Zwei Qualifikanten auf dem Thron
Tereza Smitkova (CZE) und Franck Pepe (FRA) holen bei den Internationalen Württembergischen Meisterschaften um den Südwestbank-Cup in Stuttgart-Stammheim die Titel. In den Endspielen haben Maryna Zanevska (UKR) und Lokalmatador Nils Langer (TV Reutlingen) das Nachsehen.
Der Titeltraum von Nils Langer (TV Reutlingen) bei den Internationalen Württembergischen Meisterschaften um den Südwestbank-Cup ist geplatzt. Im Endspiel des mit 10.000 Dollar dotierten ITF Futures setzte sich Franck Pepe (FRA) mit 2:6, 6:2, 6:2 durch. Der französische Qualifikant feierte damit seinen ersten Titel auf dem internationalen Profiparkett. „Ich bin natürlich unheimlich glücklich und stolz, dass ich das gut besetzte Turnier gewinnen konnte“, so der 23-Jährige, der im elsässischen Mulhouse zuhause ist. Als Jugendlicher gehörte Pepe zu den besten seines Jahrgangs und war als 13-Jähriger die Nummer eins in Europa. Zahlreiche Verletzungen warfen ihn in seiner Karriere immer wieder zurück, sodass er aktuell nur auf Platz 1098 in der Weltrangliste notiert ist. Durch die 18 Weltranglistenpunkte, die er zusätzlich zu seinem Preisgeld in Höhe von 1.300 Dollar erhält, wird sich Pepe um rund 200 Plätze im Ranking verbessern. Von daher war Nils Langer, der auf Platz 616 der Weltrangliste notiert ist, der Favorit. Der 21-jährige Lokalmatador hatte unter anderem im Viertelfinale den an zwei gesetzten Marius Copil (ROU) klar in zwei Sätzen besiegt. Dies war die beste Leistung des Kaderspielers des Württembergischen Tennis-Bundes (WTB) im gesamten Turnierverlauf. In den anderen Partien hatte Langer, der bei der sehr gut besetzten vom WTB ausgerichteten Veranstaltung nur dank einer Wildcard direkt im Hauptfeld stand, immer wieder einen kleinen Durchhänger gehabt. „In diesem Match war es jedoch anders. Mein Gegner hat ab dem zweiten Satz deutlich aggressiver gespielt und fast keine Fehler mehr gemacht. Insgesamt hat er verdient gewonnen“, so ein enttäuschter Nils Langer nach der Partie.
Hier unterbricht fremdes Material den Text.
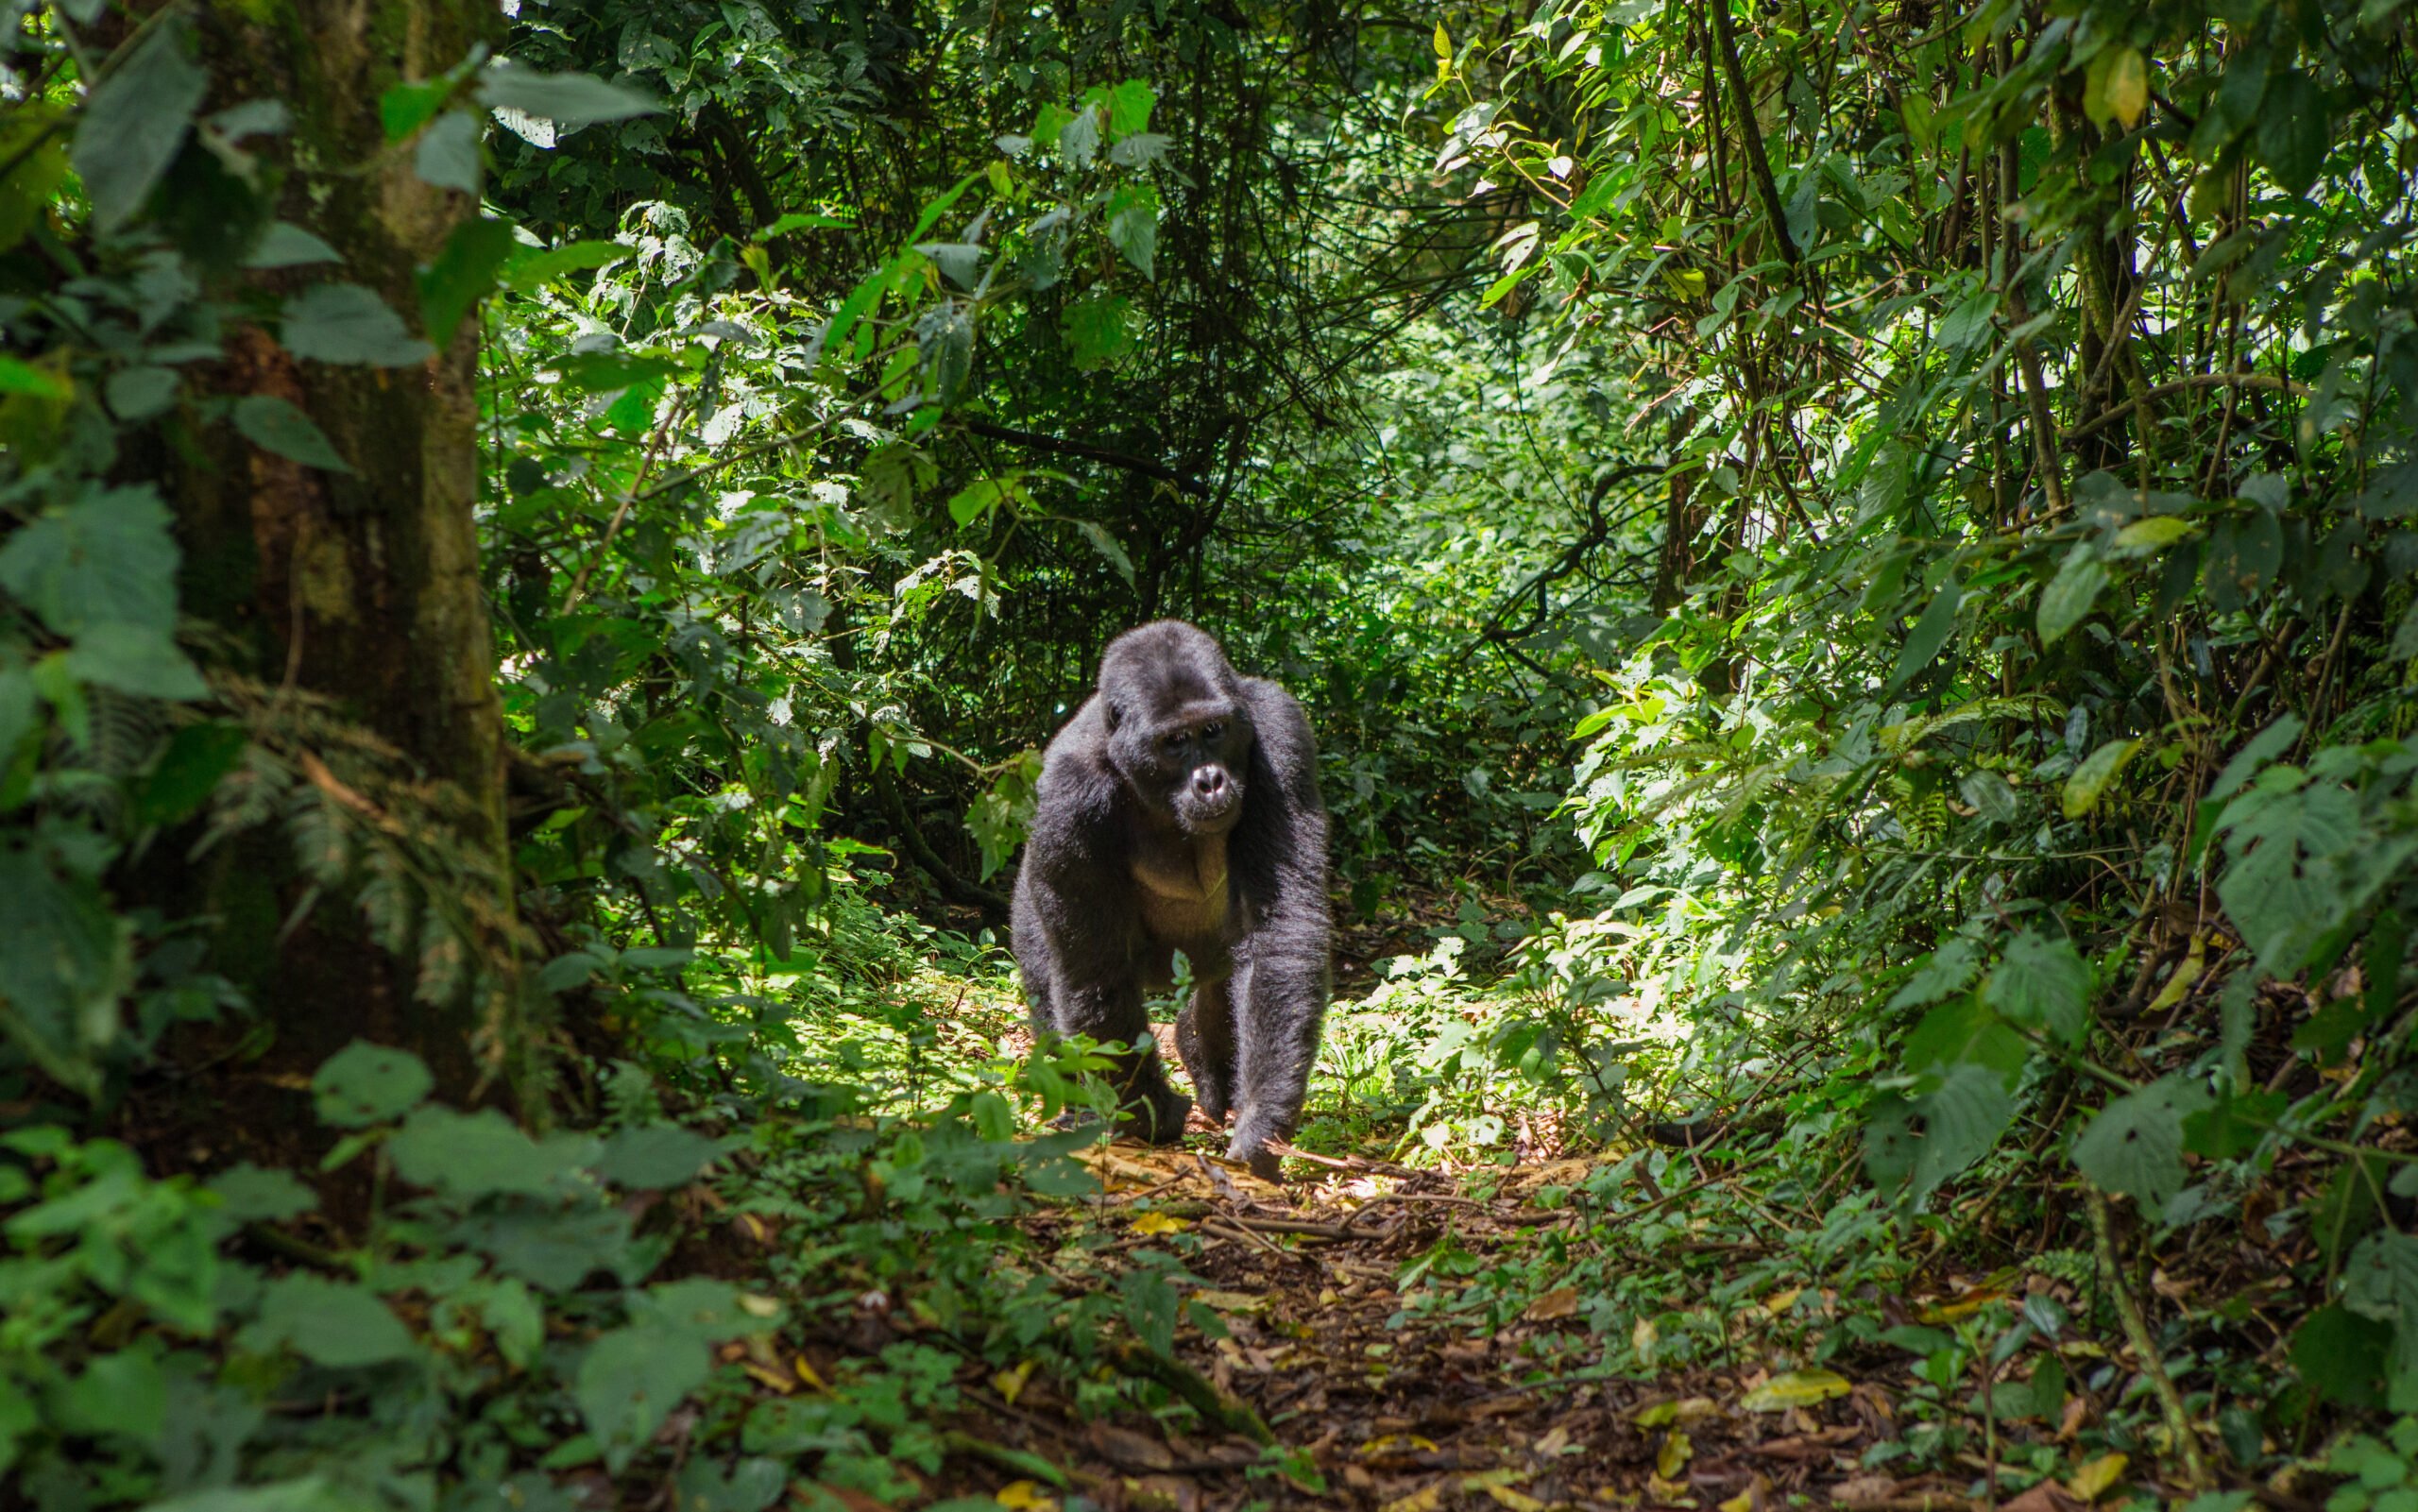 Gorillas in the Mist in Rwanda

Trotz der Finalniederlage zog der Reutlinger Zweitligaspieler ein positives Resümee nach der Turnierwoche. „Ich habe das Finale erreicht und bei einem für diese Kategorie sehr stark besetzten Turnier gute Leute geschlagen. Auf diesem Saisonstart lässt sich aufbauen und gibt mir Selbstvertrauen für den Saisonverlauf.“ Für das Erreichen des Endspiels kassierte Langer, der in seiner Karriere bereits zwei Future Turniere gewinnen konnte, 900 Dollar und zehn Weltranglistepunkte.
Zuvor war bereits die Entscheidung in der Damenkonkurrenz gefallen. Den Titel als Internationale Württembergische Meisterin sicherte sich Tereza Smitkova (CZE). Die 17-jährige Qualifikantin holte sich nach einem umkämpften Duell gegen Maryna Zanevska (UKR) mit 6:4, 7:6 (4) den Sieg. Als Belohnung für ihren ersten Sieg auf der ITF Tour kassierte die Tschechin rund 1.600 Dollar Preisgeld und zwölf Punkte für die Weltrangliste. Als Trostpflaster gab es für ihre 18-Jährige Gegnerin aus der Ukraine immerhin noch knapp 1.000 Dollar Preisgeld und acht Punkte für die Weltrangliste. Beste Deutsche in der mit 10.000 Dollar dotierten Damenkonkurrenz war Franziska Etzel (ETUF Essen), die im Viertelfinale der späteren Siegerin mit 4:6, 2:6 unterlegen war.
Am Vortag des vorletzten Veranstaltungstages des Turnierdoppelpacks in Stuttgart-Stammheim waren die ersten Entscheidungen gefallen. Sieger der Herrendoppelkonkurrenz wurden Simon Stadler (TK GW Mannheim)/Marius Copil (ROU), die sich gegen Kevin Krawietz (Kurhaus Aachen)/Marcel Zimmermann (TC Großhesselohe) mit 6:1, 6:2 durchsetzten. Bei den Damen hatten Paula Kania (POL) und Ksenia Lykina (RUS) die Nase vorn. Sie bezwangen im Endspiel die Zwillings-Schwestern Lyudmyla und Nadiya Kichenok (UKR) mit 6:4, 6:3.